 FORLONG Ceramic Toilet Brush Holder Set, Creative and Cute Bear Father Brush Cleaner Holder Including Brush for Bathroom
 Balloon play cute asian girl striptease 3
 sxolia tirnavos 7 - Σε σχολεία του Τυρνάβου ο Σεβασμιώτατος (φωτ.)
---
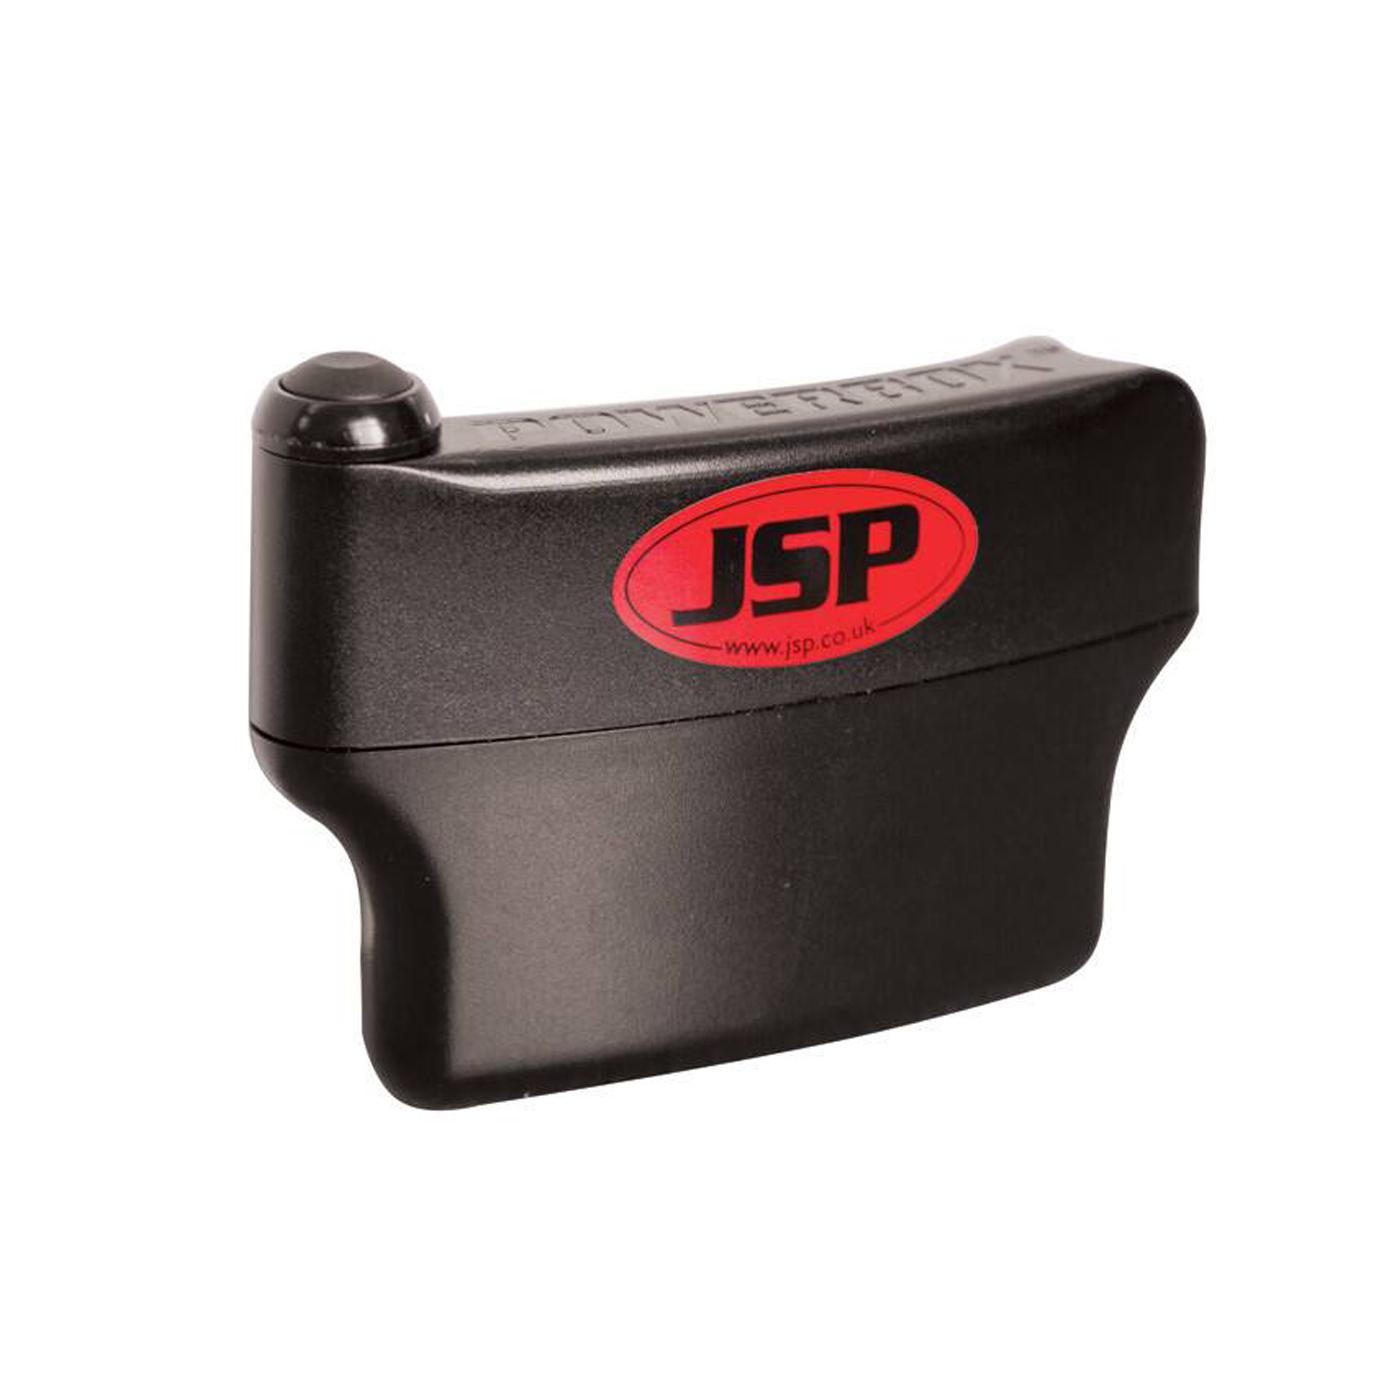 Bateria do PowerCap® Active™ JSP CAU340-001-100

**WORK TO COMPLETE**
From the records above, transcribe exactly the run of lines that opens with the line holding "FORLONG Ceramic Toilet" and closes with the line holding "sxolia tirnavos 7", both included.

**EXERCISE ANSWER**
 FORLONG Ceramic Toilet Brush Holder Set, Creative and Cute Bear Father Brush Cleaner Holder Including Brush for Bathroom
 Balloon play cute asian girl striptease 3
 sxolia tirnavos 7 - Σε σχολεία του Τυρνάβου ο Σεβασμιώτατος (φωτ.)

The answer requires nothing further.